Edit: By the way...the 4690k to a 4790k is completely fine, double the cores, believe a few more MB of cache, just depends on what you need it for whether or not it was justifiable.
 
I just built a machine with the same cpu and cooler. Tried the factory cooler and had massive issue with overheating, lucky I was testing and could stop it but it would blast above 80 within second. As I am sure you have found there is a lot of discussion on overheating on this cpu.

The EVO cooler is night and day difference. On the intel stress tests it stays about 64 run at 100% load. The benchmark get spikes to about 72 but most times that runs in the low 60 range also. Idle is in the low 30 and I am running in a fairly high temp room of 25c. I have not really bother to over clock it since so far nothing other than the benchmarks even comes close.

I did add a second fan to the back of the cooler just because I had a extra high pressure fan laying around. It dropped it degree or two not sure if it would be worth it if you had to buy a extra fan.
 


It's just not worth the price, they are both quad cores and perform more or less the same in gaming.
 
I just put all my fans back in and closed the case up. Ran Intel Diagnostic Tool and got a max temperature of 74 degrees with an average of 72. I'll take that and be happy with it.
 


I didn't buy it for gaming, I bought it for streaming, recording and rendering. I spent months trying to tweak the settings I was using with my i5, it just wasn't going to happen with that processor.

 


A quad-core i5 and a quad-core i7 are 2 totally different lines of processors. i7's have hyper-threading - 1 virtual core for every physical core (so 8 cores in his case) and i5's are just simply quad-cores without hyper-threading, I'd hope you would know that with a "CPU's" tag next to your name. I also mentioned "depending on the reason why you would need an i7 upgrading from an i5 determines whether or not that upgrade was justifiable". More and more games are taking advantage of more than 4 cores, so if gaming was his reason and he had the money to pay for it - more power to him, pun intended. And except for 2011v3 builds, that's the best modern processor you could go with. I have an i5-3570k and I wish I would have spent the extra $100 and gotten an i7 or waited another month or 2 before 1155 socket CPU's went out the window and 1150 and Z87/97 went more mainstream.
 


Perfectly logical reason to upgrade to an i7.
 


Yes I know how hyperthreading works, thank you.

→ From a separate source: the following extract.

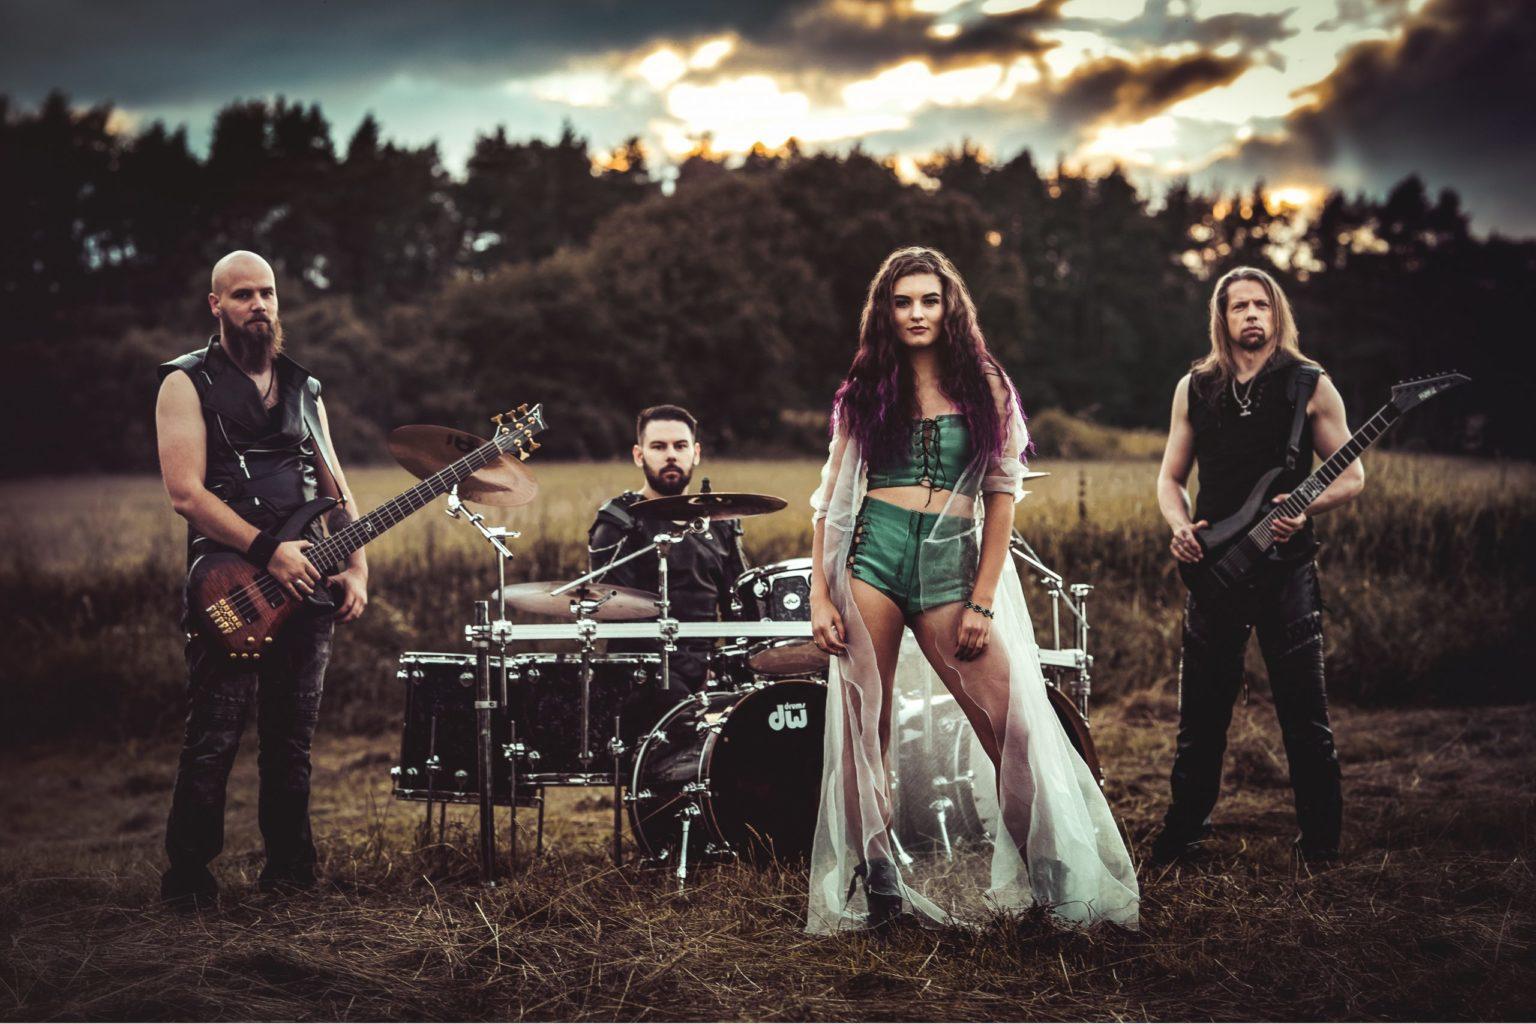 SURMA: membri di TÝR, BOHEMIAN METAL RHAPSODY ed ex-ARKONA, formano una band ed ecco il debut album

There are exactly 0 games that I am aware of that have a significant boost in performance from running on a hyper threaded core I7. By your logic the FX 8xxxx series are the best gaming CPUs out there, however as you may know that is far from the case.

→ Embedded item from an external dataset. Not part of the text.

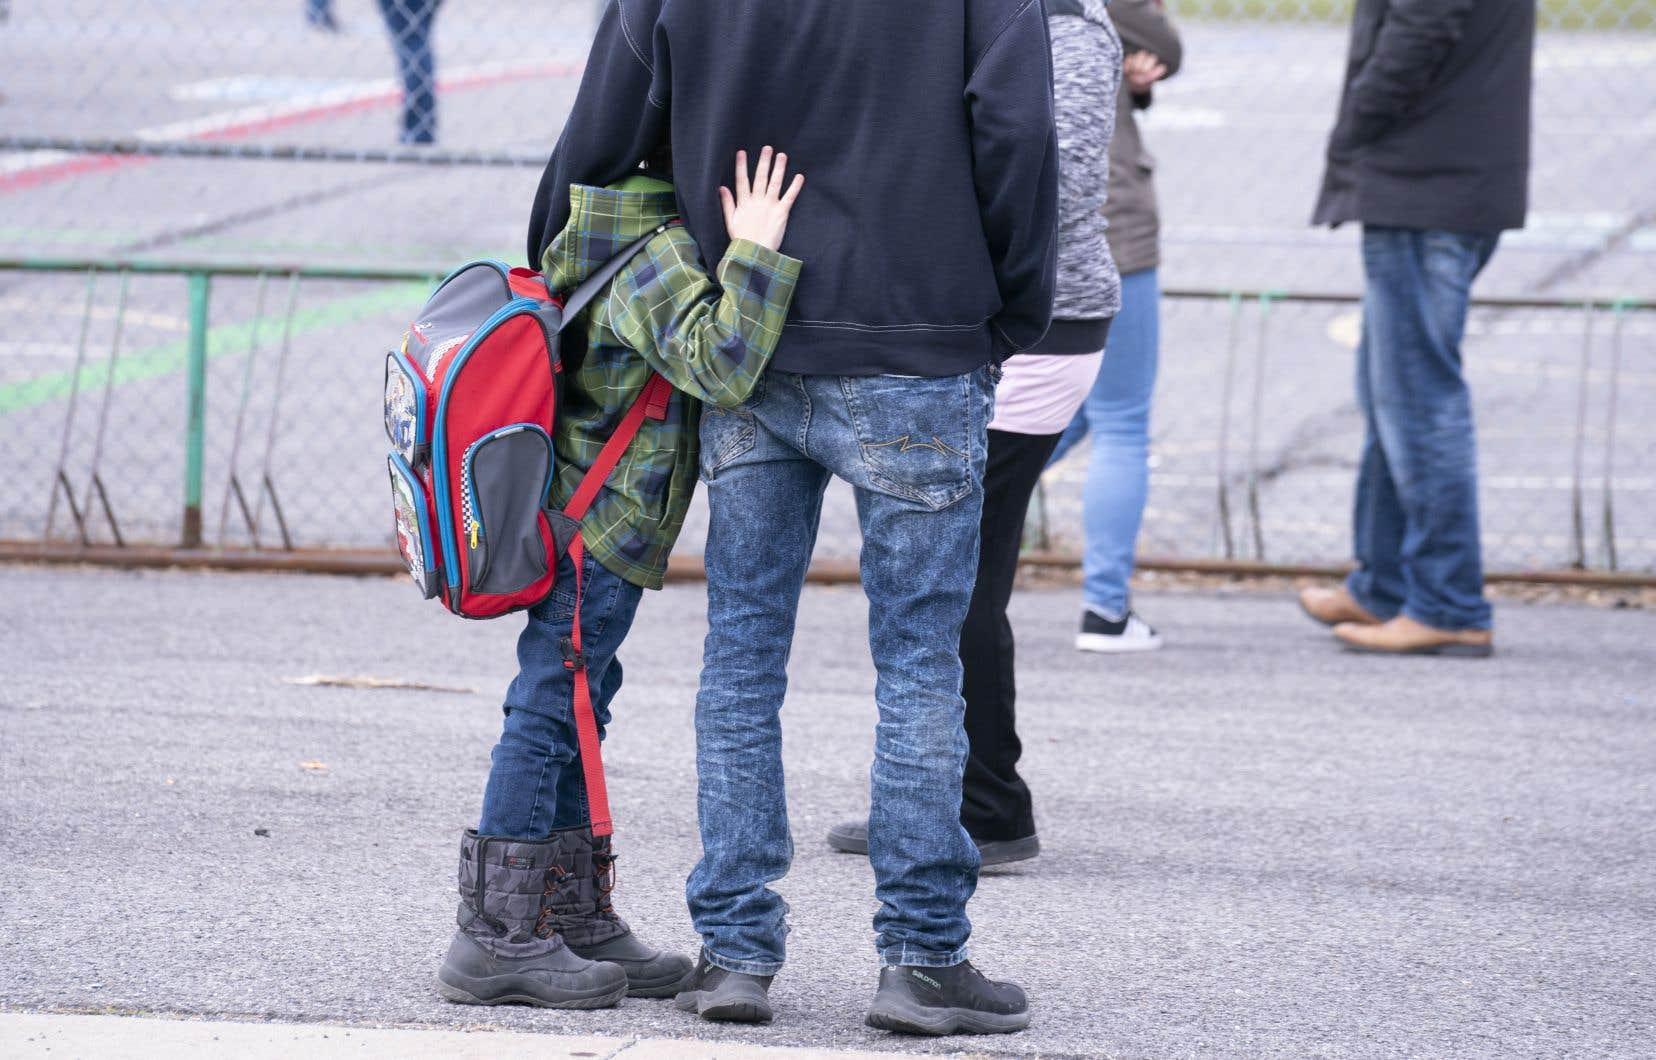 Plus de la moitié des enfants québécois (54%) disent avoir hâte de retourner à l'école, tandis que 30% sont nerveux et angoissés devant cette perspective.

For streaming and rendering as OP wants to do, yeah that's a good upgrade. But if for your average joe who just wants to play games, going from an I5 to an I7 is a waste of money.
 


I partially agree with you. It also depends on what kind of results you're looking to get. As I said, more and more games are taking advantage of more than 4 cores, Battlefield 4 being a personal favorite of mine that does. I'm not saying the additional 4 cores is going to constitute +40FPS or be equivalent to another GPU in SLI/Crossfire, but a +5-15FPS or a little more depending on the rest of the system specs, and the game itself is pretty realistic. Which that's where I agree with you, if you just want the extra 5-15FPS in video games, whereas you aren't doing multimedia and you're on a tight budget, I'd say stick with the i5. But if you do multimedia applications or you just simply want the extra 5-15FPS, and you've got money to blow, what's stopping you?